Negative Regulation of miR-375 by Interleukin-10 Enhances Bone Marrow-Derived Progenitor Cell-Mediated Myocardial Repair and Function After Myocardial Infarction.

作者信息

Garikipati Venkata Naga Srikanth, Krishnamurthy Prasanna, Verma Suresh Kumar, Khan Mohsin, Abramova Tatiana, Mackie Alexander R, Qin Gangjian, Benedict Cynthia, Nickoloff Emily, Johnson Jennifer, Gao Ehre, Losordo Douglas W, Houser Steven R, Koch Walter J, Kishore Raj

机构信息

Center for Translational Medicine, Temple University School of Medicine, Philadelphia, Pennsylvania, USA.
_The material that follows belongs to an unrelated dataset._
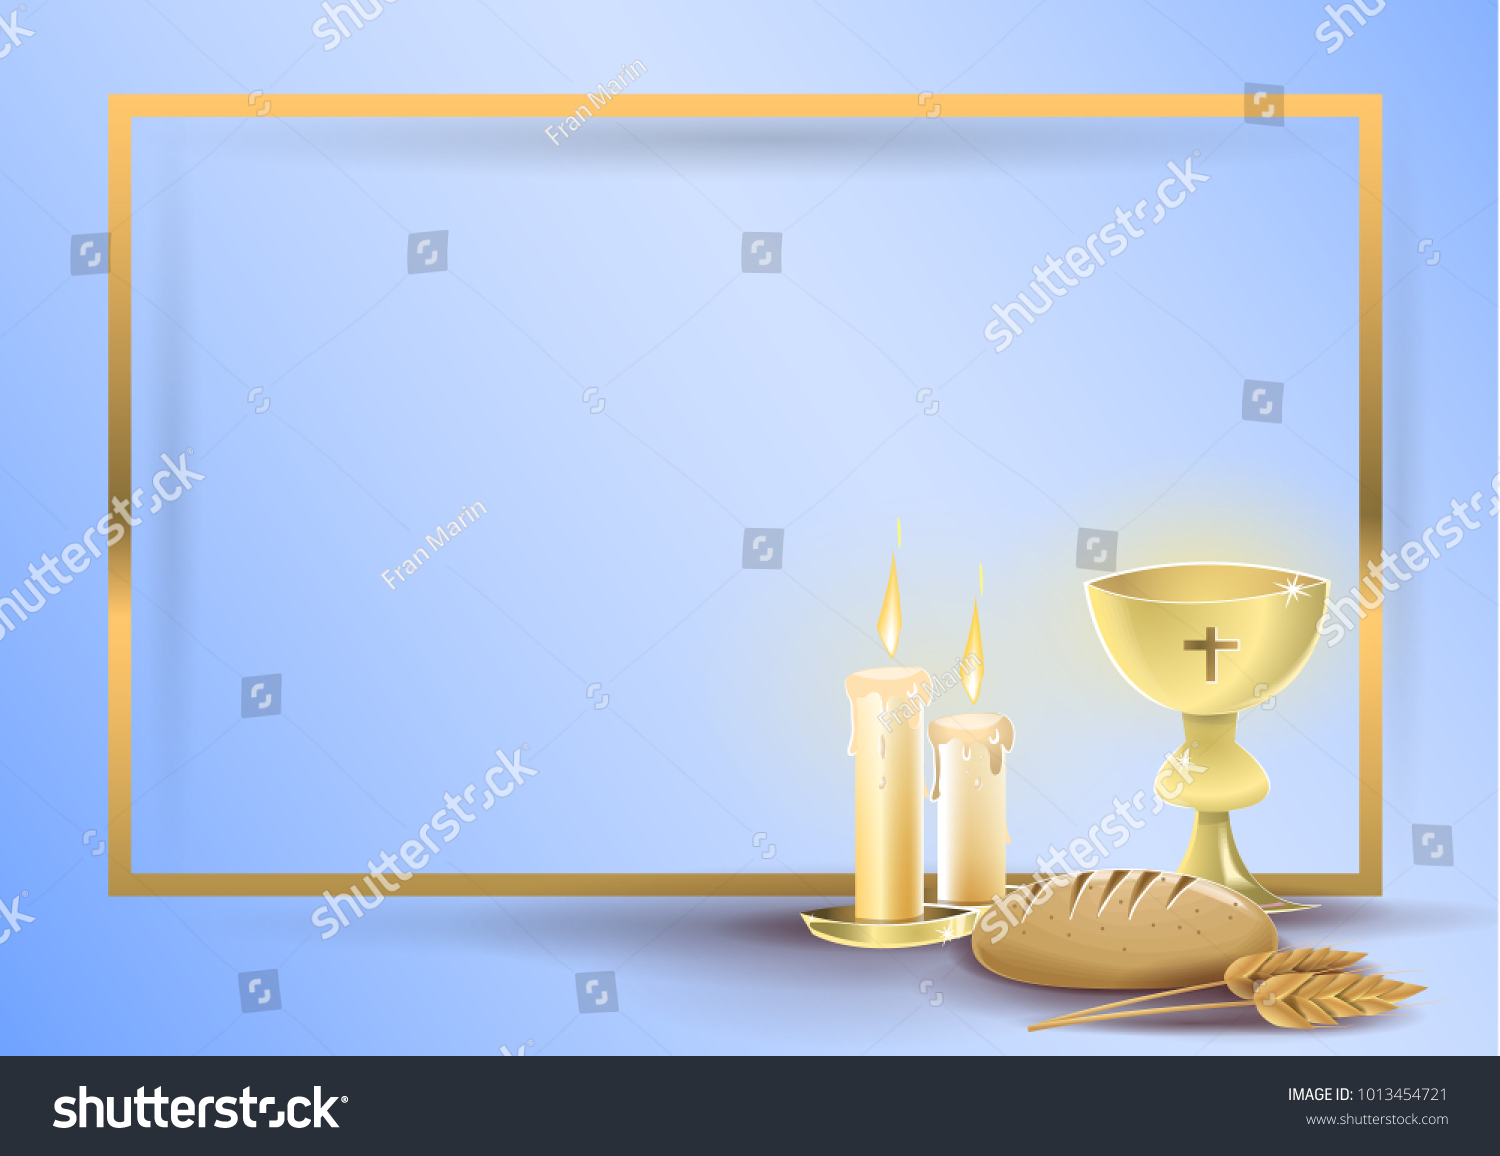 SVG of First communion religious invitation card: Religious elements of communion and baptism, on a blue background with a golden border. Vector image svg

Department of Cardiovascular Sciences, Houston Methodist Research Institute, Houston, Texas, USA.

出版信息

Stem Cells. 2015 Dec;33(12):3519-29. doi: 10.1002/stem.2121. Epub 2015 Aug 25.

DOI:10.1002/stem.2121
PMID:26235810
原文链接:https://pmc.ncbi.nlm.nih.gov/articles/PMC4713300/
Abstract

Poor survival and function of transplanted cells in ischemic and inflamed myocardium likely compromises the functional benefit of stem cell-based therapies. We have earlier reported that co-administration of interleukin (IL)-10 and BMPAC enhances cell survival and improves left ventricular (LV) functions after acute myocardial infarction (MI) in mice. We hypothesized that IL-10 regulates microRNA-375 (miR-375) signaling in BMPACs to enhance their survival and function in ischemic myocardium after MI and attenuates left ventricular dysfunction after MI. miR-375 expression is significantly upregulated in BMPACs upon exposure to inflammatory/hypoxic stimulus and also after MI. IL-10 knockout mice display significantly elevated miR-375 levels. We report that ex vivo miR-375 knockdown in BMPAC before transplantation in the ischemic myocardium after MI significantly improve the survival and retention of transplanted BMPACs and also BMPAC-mediated post-infarct repair, neovascularization, and LV functions. Our in vitro studies revealed that knockdown of miR-375-enhanced BMPAC proliferation and tube formation and inhibited apoptosis; over expression of miR-375 in BMPAC had opposite effects. Mechanistically, miR-375 negatively regulated 3-phosphoinositide-dependent protein kinase-1 (PDK-1) expression and PDK-1-mediated activation of PI3kinase/AKT signaling. Interestingly, BMPAC isolated from IL-10-deficient mice showed elevated basal levels of miR-375 and exhibited functional deficiencies, which were partly rescued by miR-375 knockdown, enhancing BMPAC function in vitro and in vivo. Taken together, our studies suggest that miR-375 is negatively associated with BMPAC function and survival and IL-10-mediated repression of miR-375 enhances BMPAC survival and function.

摘要

移植细胞在缺血和炎症心肌中的低存活率及功能可能会损害基于干细胞疗法的功能效益。我们之前报道过,白细胞介素(IL)-10与BMPAC联合给药可提高小鼠急性心肌梗死(MI)后细胞存活率,并改善左心室(LV)功能。我们推测,IL-10调节BMPAC中的微小RNA-375(miR-375)信号传导,以提高其在MI后缺血心肌中的存活率和功能,并减轻MI后的左心室功能障碍。在暴露于炎症/缺氧刺激后以及MI后,BMPAC中的miR-375表达显著上调。IL-10基因敲除小鼠的miR-375水平显著升高。我们报告称,在MI后将BMPAC移植到缺血心肌之前,对其进行离体miR-375敲低可显著提高移植的BMPAC的存活率和保留率,以及BMPAC介导的梗死后修复、新生血管形成和LV功能。我们的体外研究表明,miR-375敲低可增强BMPAC增殖和管形成,并抑制细胞凋亡;在BMPAC中过表达miR-375则产生相反的效果。从机制上讲,miR-375负向调节3-磷酸肌醇依赖性蛋白激酶-1(PDK-1)的表达以及PDK-1介导的PI3激酶/AKT信号通路的激活。有趣的是,从IL-10缺陷小鼠中分离出的BMPAC显示出miR-375的基础水平升高,并表现出功能缺陷,miR-375敲低可部分挽救这些缺陷,从而在体外和体内增强BMPAC功能。综上所述,我们的研究表明,miR-375与BMPAC功能和存活呈负相关,IL-10介导的miR-375抑制可提高BMPAC的存活和功能。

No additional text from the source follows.